GET WASTED AND BE DOOMED VOL. II
 
ANGEL OF DAMNATION, DEATH THE LEVELLER, OLD NIGHT, GÉVAUDAN, BOTTOMLESS, SOUL INVICTUS
D-Leonberg, Beat Baracke - 15. November 2025
Es ist wirklich wieder geschehen: Anfang des Jahres, nur einen Monat nach dem ersten Get Wasted And Be Doomed, hatten Hanga & Martin von Journey´s End Records verkündet, daß schon eine zweite Edition auf dem Weg sei, und erneut nichts als Doom Metal und gute Gefühle zu erwarten seien! Nachdem mit Gévaudan (England), Death the Leveller (Irland), Old Night (Kroatien) und Bottomless (Italien) vier Gruppen feststanden, und im September Deutschlands Angel of Damnation und Soul Invictus folgten, begann Ende Juni der Vorverkauf. Für schmale 25 Taler gab es limitierte, stilvolle Hartkarten. Spenden waren willkommen und wurden vom doomigen Untergrund sehr geschätzt. Wobei der Berichterstatter diesmal zu seinem Glück gezwungen werden musste. Zuerst wollte ich gar nicht ins Ländle fahren, tat mich dem Programm etwas schwer, und sah mich mit schweren Entscheidungen konfrontiert. Dazu kamen all die Sorgen in unserm Land. Viel zu viele davon. Der liebe Gott hatte diesen Ort sowieso schon vor ewigen Zeiten verlassen. Aber dank ihm hat mich meine Adjutantin Goddess of Doom Peanut dann doch überzeugt. Rechtzeitig hatten wir auch noch ein Hotel gefunden - bekamen ein frisches Gemach, in dem wir tanzen konnten, und vor dem der Hahn laut Kikeriki krähte! Unsere Anreise führte von Frankfurt über das pfälzische Speyer, wo sich in einem kreativen Industriehof eine lange Unterhaltung im „Veloloid“ entwickelte. Es ging um ikonische Rennräder aus den 70ern und 80ern, und damit den Versuch einer Rückkehr zu den eigenen Wurzeln. Kurioserweise war Philipps Freund Dominik Besucher in Leonberg... Dort vorm Hotel trafen wir auf zwei Doomheads aus Karlsruhe, die ihr Glück im schweizerischen Wallis fanden. Ferner nächtigten Gévaudan mit uns. Ende der fünften Stunde hatten wir den Katzensprung zum Schauplatz im Glemstal gemacht. Und hier schien alles wie vor einem Jahr. Das Stammpublikum von Mirror of Deception, Naevus und Mountain Throne war vor Ort, unser schwäbischer Bekannter Holger, der niederländische Vitus Frank, und erstmals der Laupheimer Komplize Kishde. Den halben Liter Flüssigmanna gab es für erschwingliche 3,50 Euro, vis-à-vis am Merch türmten sich Shirts und Platten, Gräfin Bathorlord verschenkte die auf 666 limitierte Schallrille 'Skeleton Veiled In Flesh' ihres Black-Doom-Projekts DoomThrone von anno 2003, und 16 Uhr 45 versank die Hundertschaft in achteinhalb Stunden Doom Metal pur........

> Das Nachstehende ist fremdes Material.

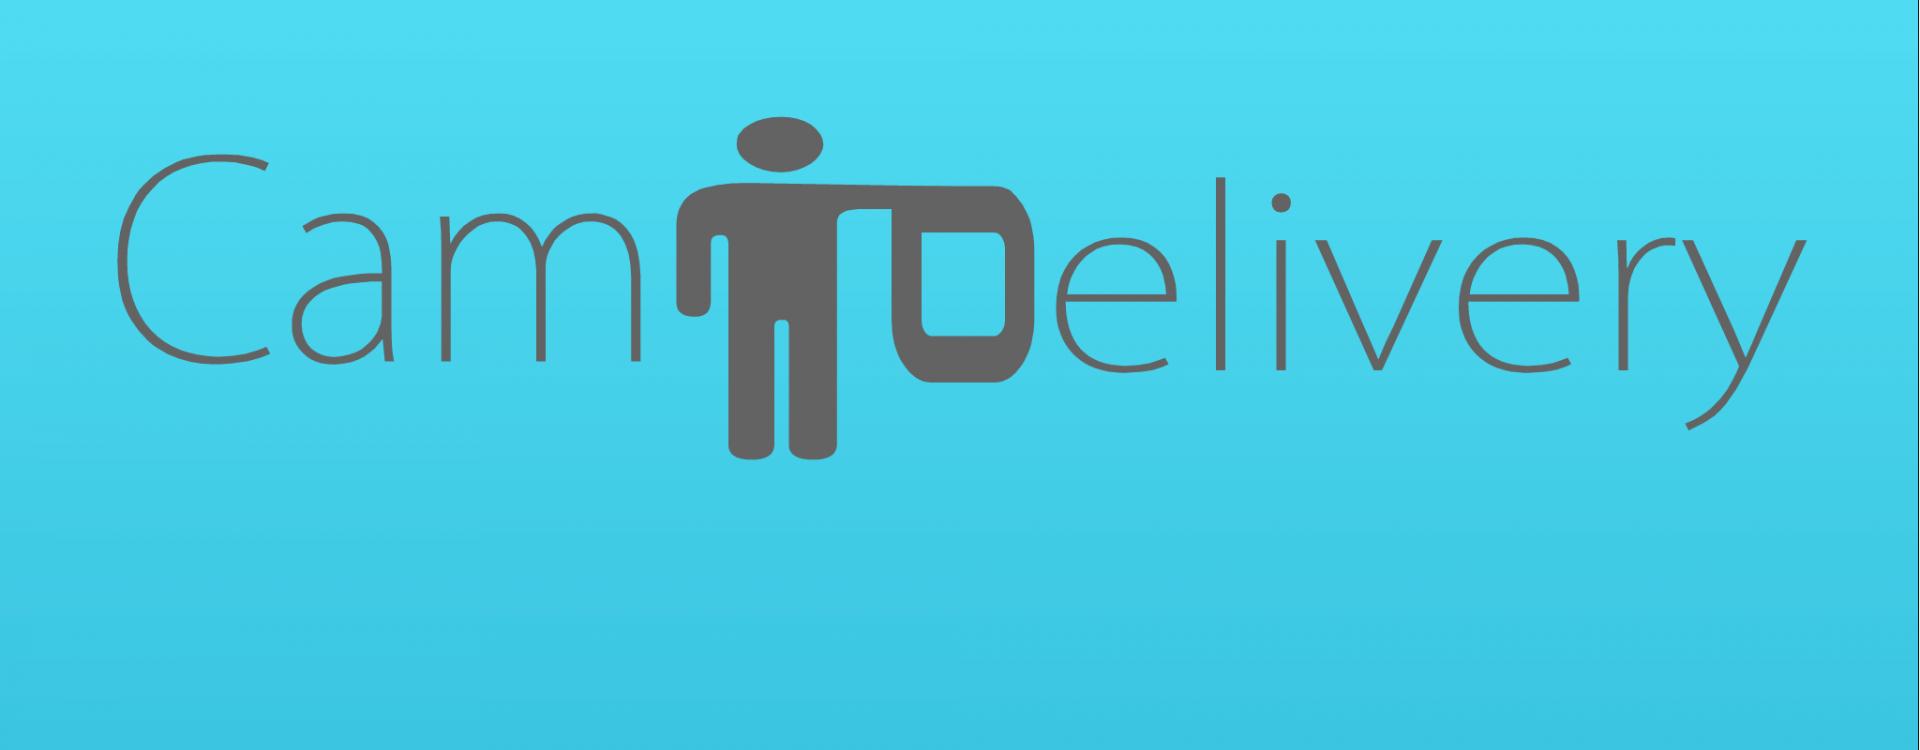 Delivery Service Website Customized Logo Design

Das zuletzt rekrutierte Kommando durfte den Reigen eröffnen. Unser Kishde fühlte sich an die 2010 beim Doom Shall Rise aufgetretenen Australier Rituals of the Oak erinnert. Die tief im traditionellen Doom verwurzelten SOUL INVICTUS aus Ludwigsburg brachten eine dunkle, weibliche Sehnsuchtsstimme, langsame, schwere Doomtrossen und Bässe, gepiekt von einigen okkulten Orgelklängen aus dem Off, aufs Geviert. Alles wirkte sehr düster und geheimnisvoll, strotzte vor Tiefe und Lebendigkeit. Gegründet wurden Soul Invictus vor neun Jahren von der barocken Sängerin Ashima und ihrem „Partner in crime“, dem Sechssaiter Micha. Nach wechselnden Mitgliedern stellten heute Rhythmusgitarrist Heiko, Bassist Matze sowie Trommler Markus bei dessem ersten Mal die Eskorte. Der Beste von sieben puren Doomern kam zum Schluß, in dem sich die Württemberger tugendhaft durch „Virtuos Suffering“ litten. Damit war auch klar, daß dies eine weitere unvergessliche Nacht wird!

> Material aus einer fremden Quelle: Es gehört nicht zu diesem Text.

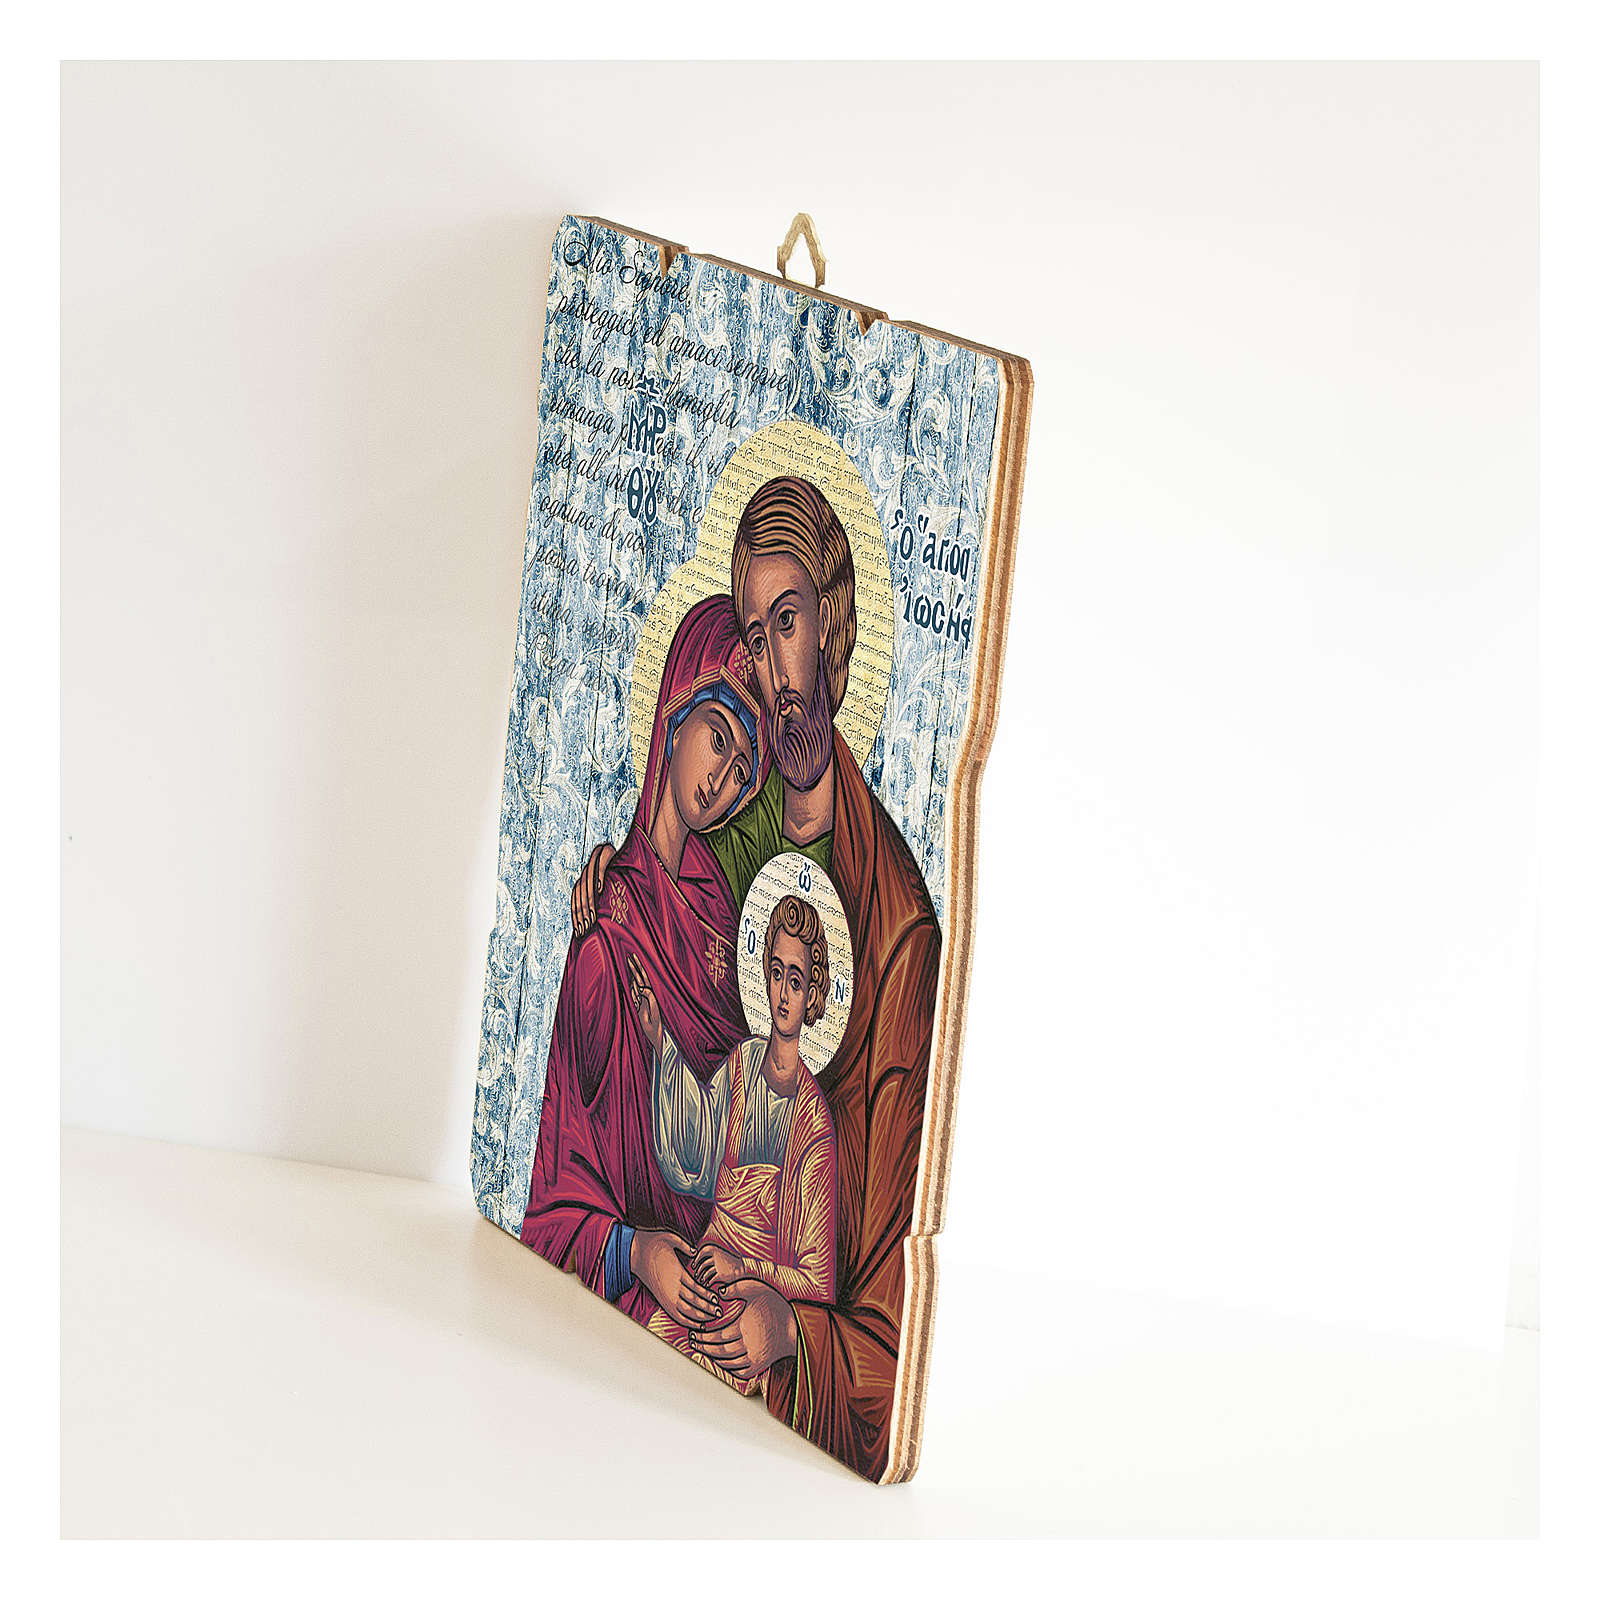 Cuadro madera perfilada gancho parte posterior Icono Sagrada Familia 3

Schwarzmagischer Okkult, purpurne Psychedelic, gedrosselter Heavy Metal, stolze Schönheit und ewigliche Geschichte: Wer konnte das sein? BOTTOMLESS entstanden im Schatten des Ätna im bodenlosen Palermo, kamen heute aus Treviso in Venezien und Bologna in der Emilia-Romagna, und zelebrierten gespenstischen, dunklen Doom Rock im Stile uralter Pentagram und Death SS. Im ersten Sturm standen dabei Sechssaiter und Vokalist Giorgio Trombino (mit hölzernem Passionskreuz auf der Brust), und die mit Löwenmähne, zerwichsten Jeans und einer Kette mit den Majuskeln DOOM gezierte Bassistin Laura Nardelli. Befeuert wurde das Duo vom Trommler David Lucido, der wiederum einen bizarren Sidecut trug und sich trotz Sprachbarriere keiner Worte mit den Anhängern schämte. Die Italiener fesselten mit den treibenden Liedern „Burning of the Vampire“ und „Let Them Burn“ gleich zu Beginn, und hatten nach einer voller Hall steckenden, etwas komplexeren Passage im Mittelteil dank ihrer südländischen Leidenschaft und Hingabe, und einer Seance-artigen Ausstrahlung final die Herzen auf ihrer Seite. Alles war mit Seele und Liebe gemacht, wie man es von Italia kennt. Niemand zog soviele Devoties in seinen Bann wie Bottomless!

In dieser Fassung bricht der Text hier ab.